I misread the gzip documentation, and now I have to remove a ton of ".gz" files from many directories inside one another. I tried using 'find' to locate all .gz files. However, whenever there's a file with a space in the name, rm interprets that as another file. And whenever there's a dash, rm interprets that as a new flag. I decided to use 'sed' to replace the spaces with "\ " and the space-dashes with "\ -", and here's what I came up with.
find . -type f -name '*.gz' | sed -r 's/\ /\\ /g' | sed -r 's/\ -/ \\-/g'
When I run the find/sed query on a file that, for example, has a name of "Test - File - for - show.gz", I get the output
./Test\ \-\ File\ \-\ for\ \-\ show.gz
Which appears to be acceptable for rm, but when I run
rm $(find . -type f -name '*.gz'...)
I get
rm: cannot remove './Test\\': No such file or directory
rm: cannot remove '\\-\\': No such file or directory
rm: cannot remove 'File\\': No such file or directory
rm: cannot remove '\\-\\': No such file or directory
...
I haven't made extensive use of sed, so I have to assume I'm doing something wrong with the regular expressions. If you know what I'm doing wrong, or if you have a better solution, please tell me.
Adding backslashes before spaces protects the spaces against expansion in shell source code. But the output of a command in a command substitution does not undergo shell parsing, it only undergoes wildcard expansion and field splitting. Adding backslashes before spaces doesn't protect them against field splitting.
Adding backslashes before dashes is completely useless since it's rm that interprets dashes as special, and it doesn't interpret backslashes as special.
The output of find is ambiguous in general — file names can contain newlines, so you can't use a newline as a file name separator. Parsing the output of find is usually broken unless you're dealing with file names in a known, restricted character set, and it's often not the simplest method anyway.
find has a built-in way to execute external programs: the -exec action. There's no parsing going on, so this isn't subject to any problem with special characters in file names. (A path beginning with - could still be interpreted as an option, but all paths begin with . since that's the directory being traversed.)

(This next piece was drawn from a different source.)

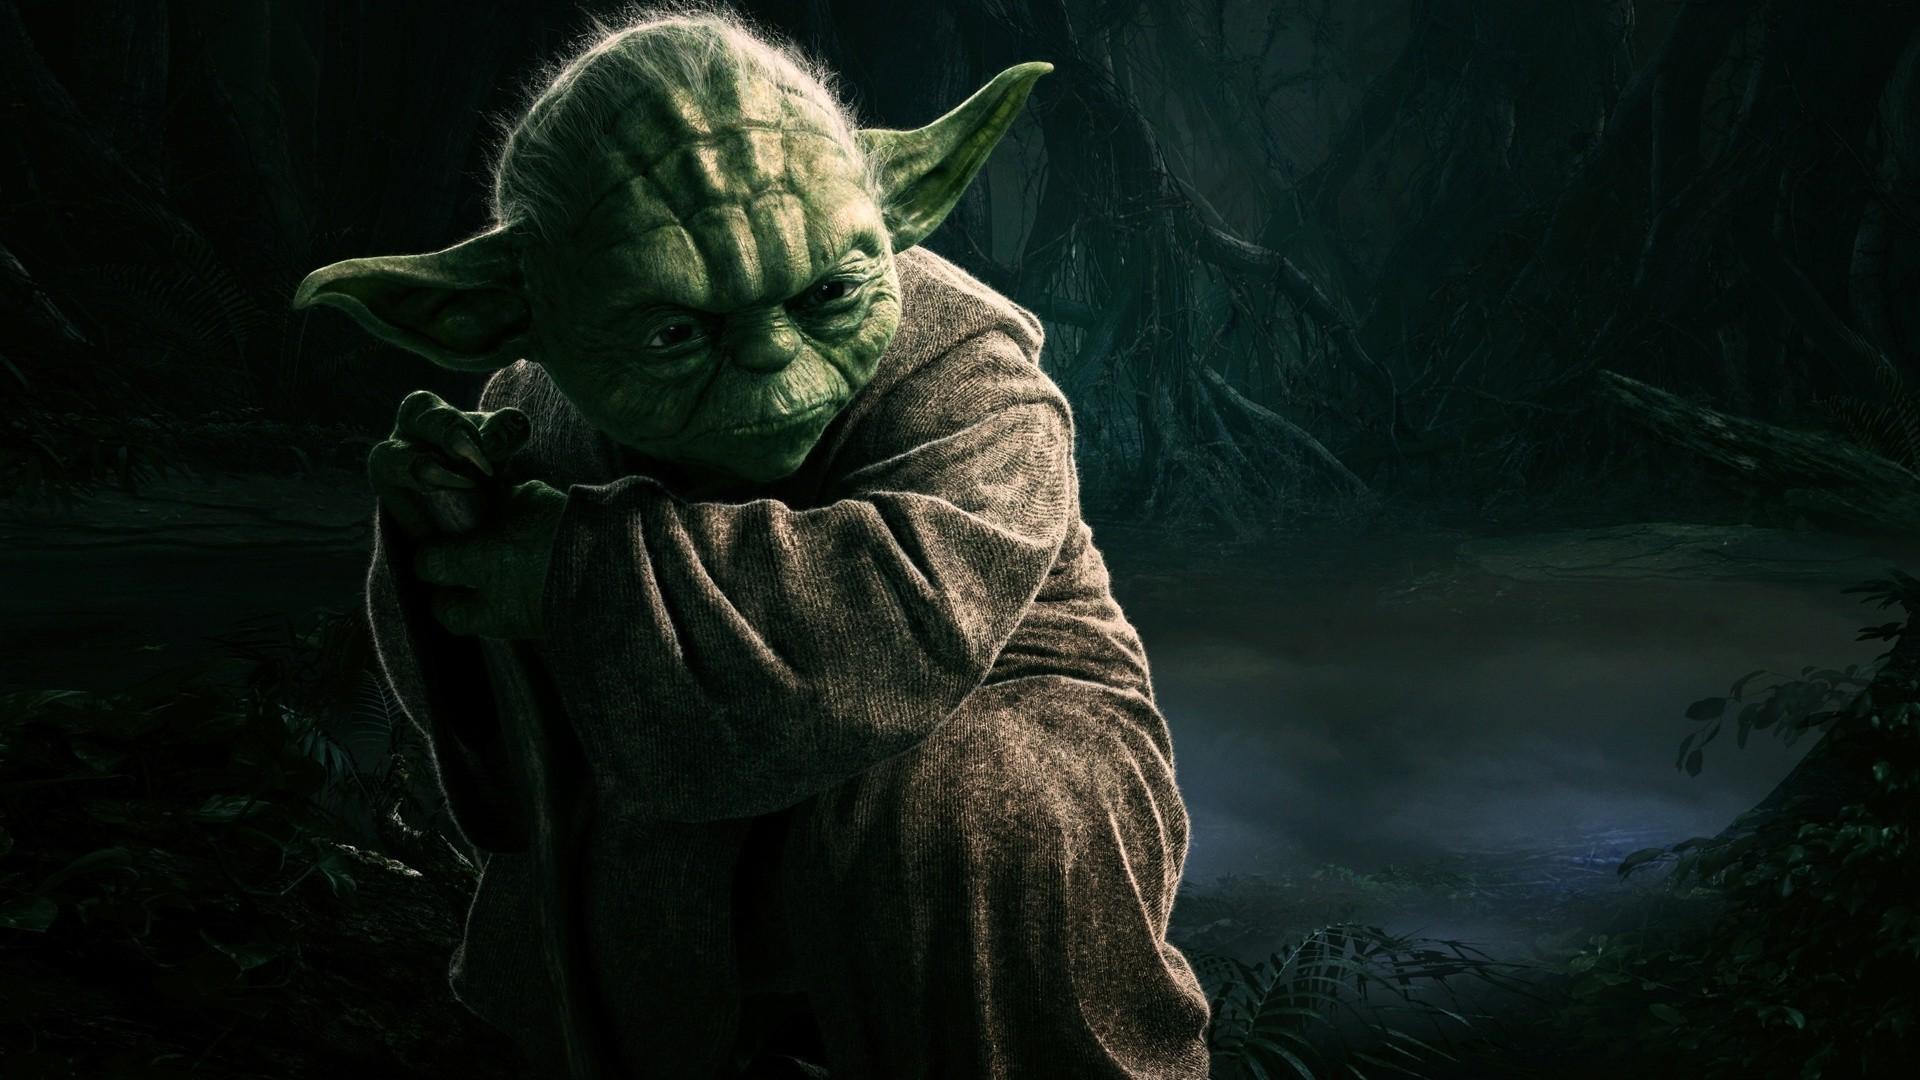 Star Wars Yoda Wallpapers HD Desktop and Mobile Backgrounds | HD Wallpapers  | Pinterest | Wallpaper

find . -type f -name '*.gz' -exec rm {} +
Many find implementations (Linux, Cygwin, BSD) can delete files without invoking an external utility:
find . -type f -name '*.gz' -delete
See Why does my shell script choke on whitespace or other special characters? for more information on writing robust shell scripts.
There is no need to pipe to sed, etc. Instead, you can make use of the -exec flag on find, that allows you to execute a command on each one of the results of the command.
For example, for your case this would work:
find . -type f -name '*.gz' -exec rm {} \;
which is approximately the same as:
find . -type f -name '*.gz' -exec rm {} +
The last one does not open a subshell for each result, which makes it faster.
From man find:
-exec command ;
Execute command; true if 0 status is returned. All following
arguments to find are taken to be arguments to the command until an
argument consisting of ;' is encountered. The string{}' is
replaced by the current file name being processed everywhere it occurs
in the arguments to the command, not just in arguments where it is
alone, as in some versions of find. Both of these constructions
might need to be escaped (with a `\') or quoted to protect them from
expansion by the shell. See the EXAMPLES section for examples of the
use of the -exec option. The specified command is run once for
each matched file. The command is executed in the starting directory.
There are unavoidable security problems surrounding use of the -exec
action; you should use the -execdir option instead.